Naquele tempo, Jesus viu um homem chamado Mateus, sentado na coletoria de impostos, e disse-lhe: “Segue-me!” Ele se levantou e seguiu a Jesus. Enquanto Jesus estava à mesa, em casa de Mateus, vieram muitos cobradores de impostos e pecadores e sentaram-se à mesa com Jesus e seus discípulos. Alguns fariseus viram isso e perguntaram aos discípulos: “Por que vosso mestre come com os cobradores de impostos e pecadores?”
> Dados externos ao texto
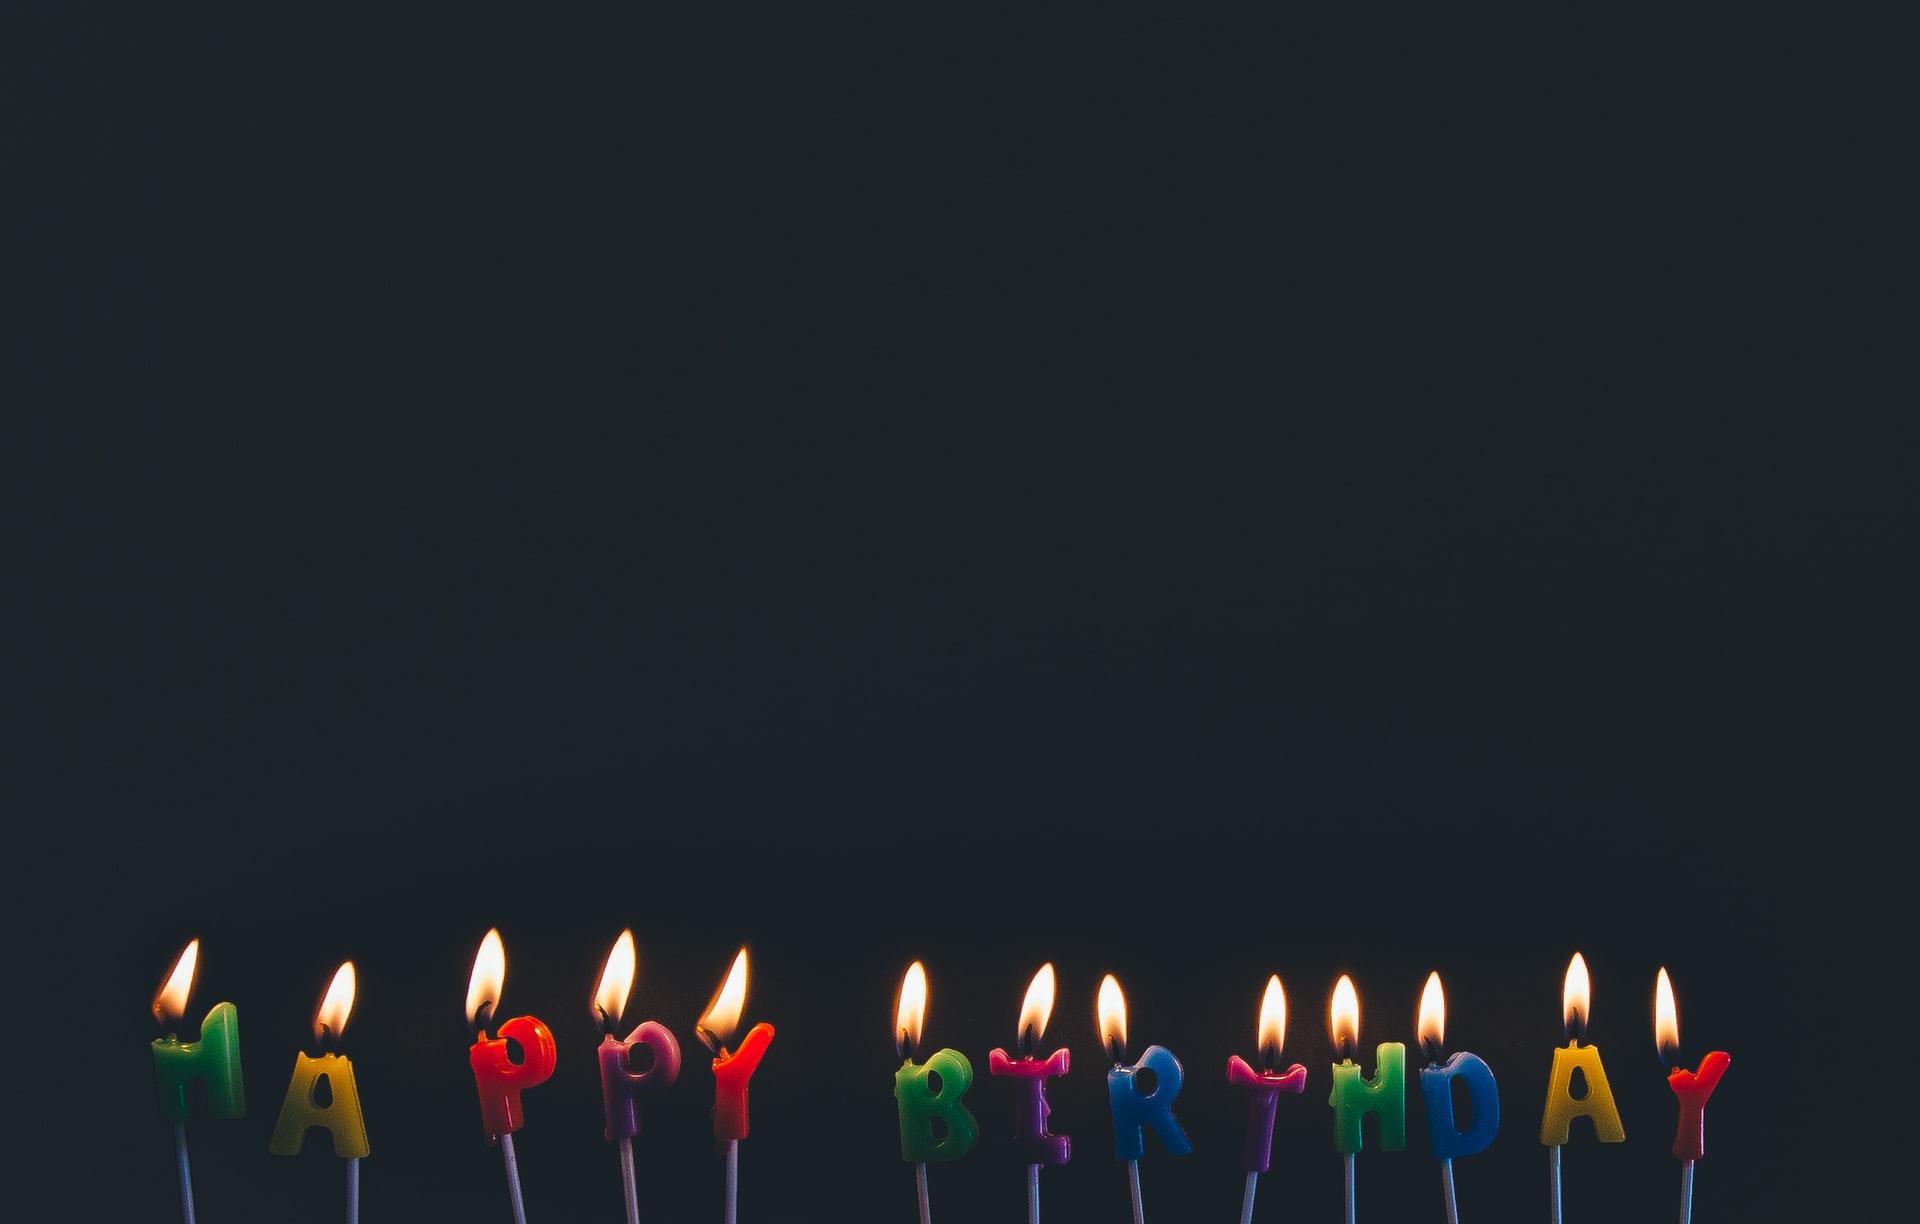 5 Simple Ways to Celebrate a Friend's Birthday
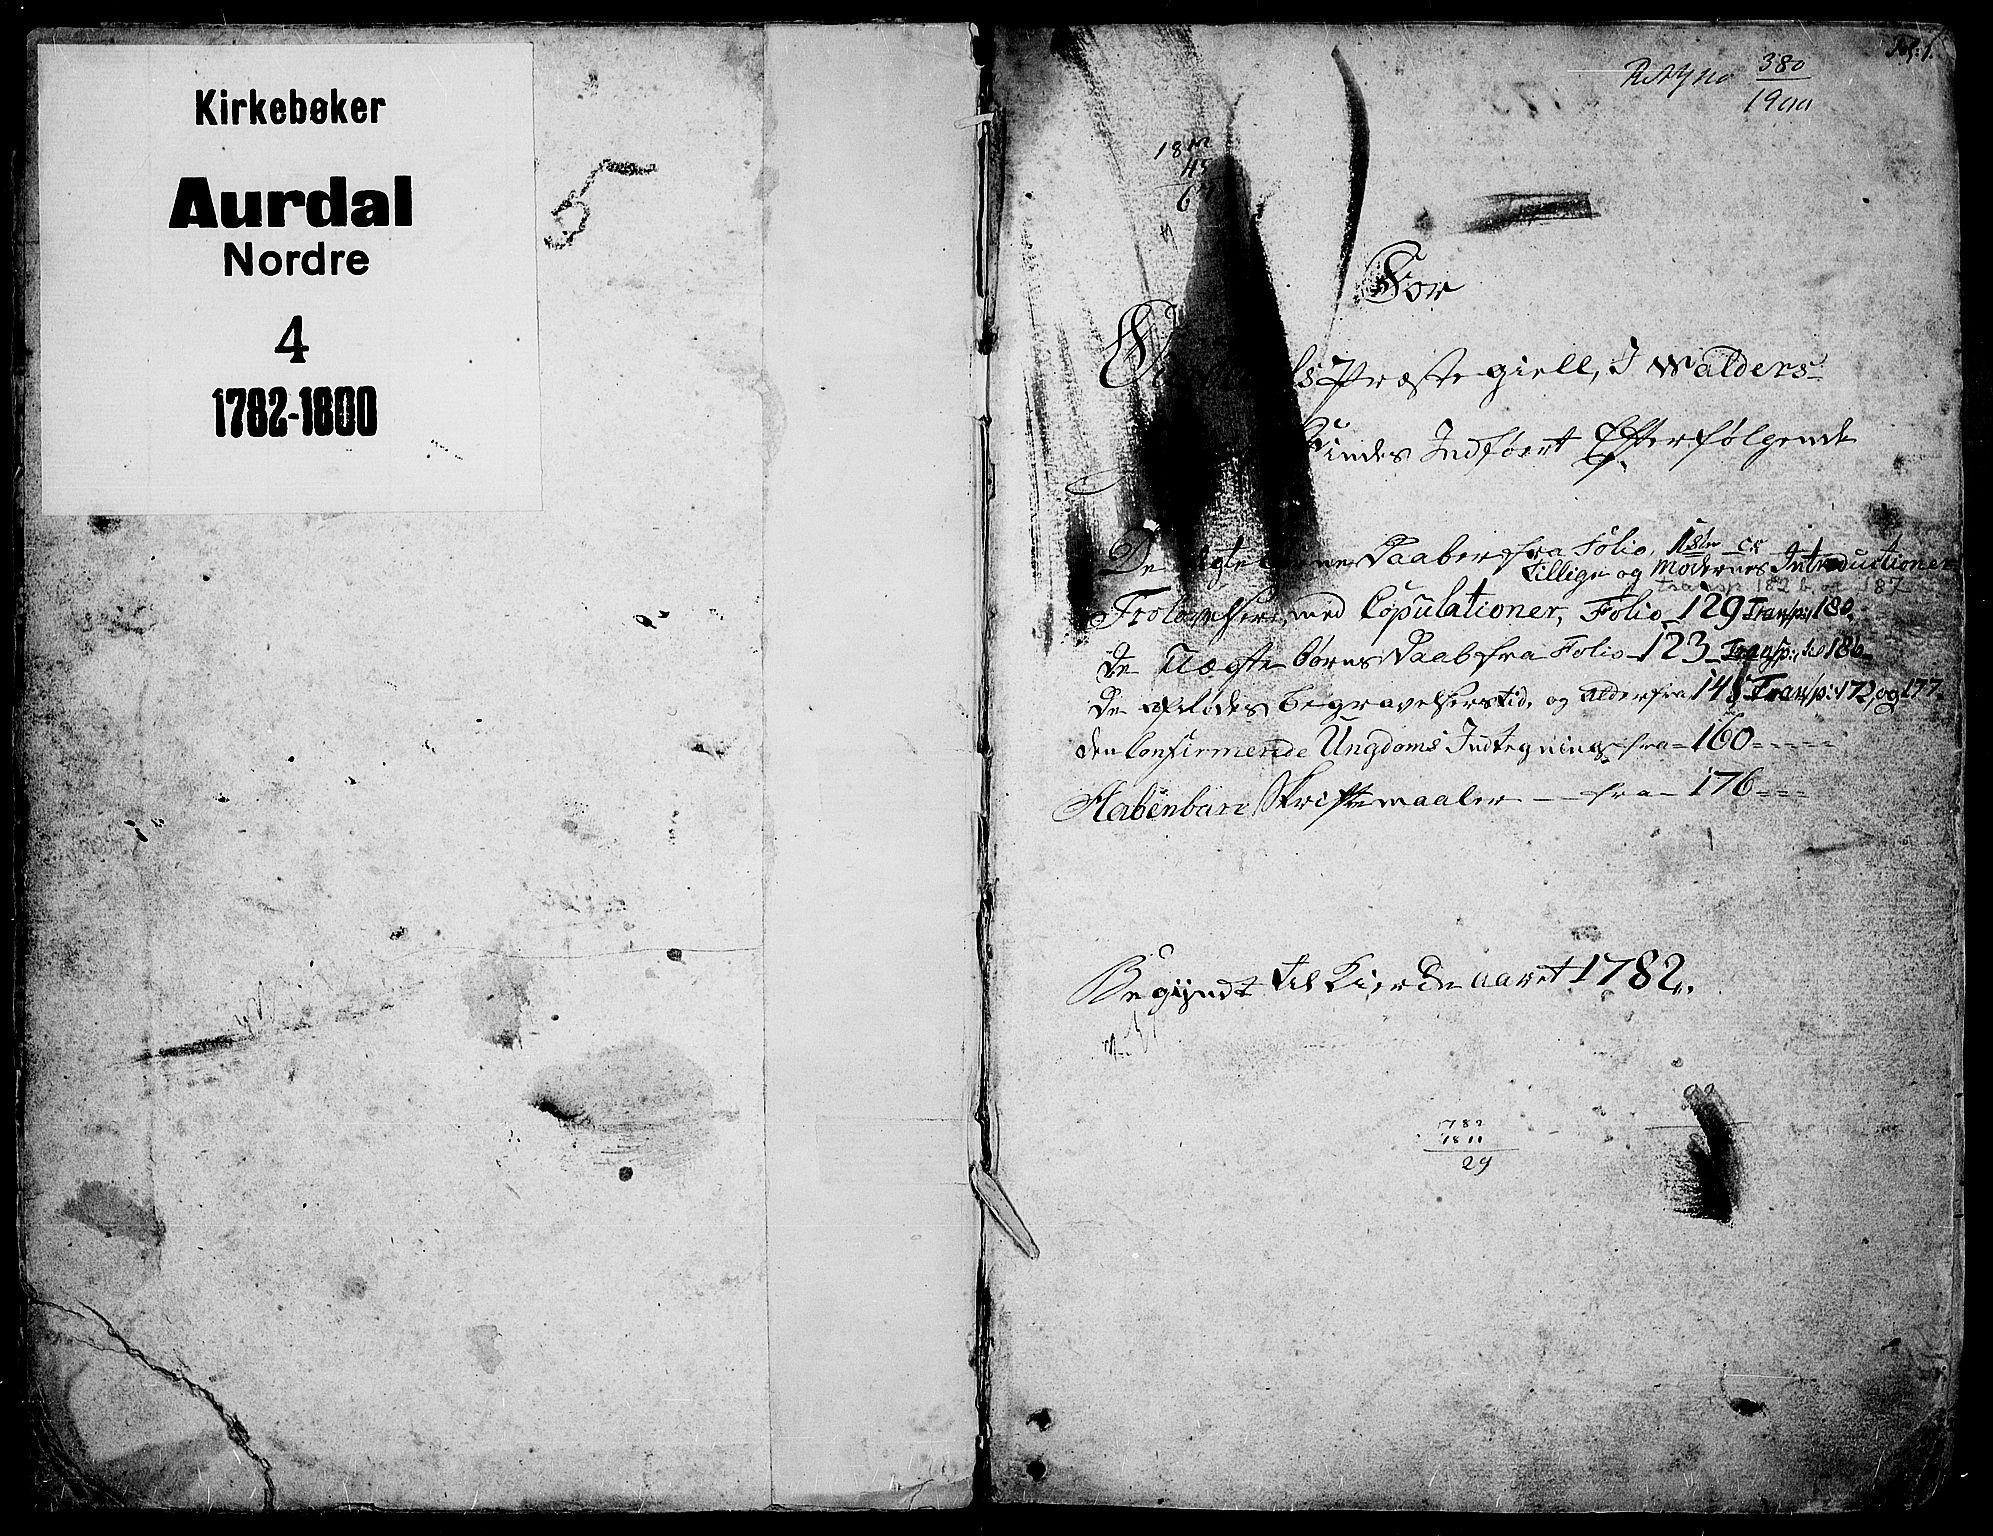 SAH, Aurdal prestekontor, Ministerialbok nr. 6, 1781-1804, s. 1

Jesus ouviu a pergunta e respondeu: “Aqueles que têm saúde não precisam de médico, mas sim os doentes. Aprendei, pois, o que significa: ‘Quero misericórdia e não sacrifício’. De fato, eu não vim para chamar os justos, mas os pecadores”.

Diante de um mesmo chamado, feito a homens de ofício tão semelhante, mas de fins tão diversos, nos põe hoje a Santa Madre Igreja: S. Mateus, celebrado como um dos Apóstolos e o primeiro dos evangelistas, e Judas Iscariotes, chorado como um dos primeiros apóstatas e o pior dos traidores, ambos chamados por Cristo a fazer parte dos Doze, ambos versados em economia, mas só o primeiro coroado de luz e glória, enquanto o segundo range até hoje os dentes nas trevas exteriores. Vejamos pois as semelhanças e diferenças que unem e separam estes homens tão iguais pelas graças que receberam e tão desiguais pela forma como corresponderam. Mateus, publicano, e Judas, ladrão, foram ambos chamados por Cristo a segui-lO de perto, e embora fossem os dois apegados ao dinheiro, só o primeiro se levantou e largou tudo, enquanto o segundo, mesmo se tendo levantado, não quis largar o que o prendia à antiga vida de pecado; Mateus e Judas, ambos ordenados sacerdotes, investidos do poder de consagrar a Eucaristia, mas enquanto o primeiro, por ter-se desprendido antes dos banquete do mundo, preservou até o fim sua fé no Corpo e Sangue de Cristo, o segundo, por ter consagrado o próprio corpo a Mamon, não pôde por um só momento crer na consagração do pão na carne do Senhor. Por isso, se já no sermão eucarístico Judas havia perdido a fé, Mateus a manteve íntegra até o fim, selando-a não só pelo relato que nos deixou da Última Ceia, mas pelo sangue que verteu no fim da vida em cima do altar, morrendo mártir da SS. Eucaristia. Por esse contraste de homens tão parecidos pelos pecados que cometeram, pelos apegos que um dia tiveram e pelo chamado que de Deus receberam, mas tão desencontrados pelos caminhos que seguiram e o desfecho que alcançaram, tenhamos nós a consciência de que, embora cristãos como Mateus, se não dermos adeus, como não o fez Judas, às bancas e banquetes do mundo, acabaremos não só descrendo do banquete eucarístico, mas enforcando-nos com nossa própria cegueira e ganância. Que Deus nos dê resolução e coragem para, como Mateus, nos levantarmos deixando tudo para trás, na esperança de que as “perdas” deste mundo são um penhor do Bem futuro: “Ele se levantou e seguiu a Jesus”.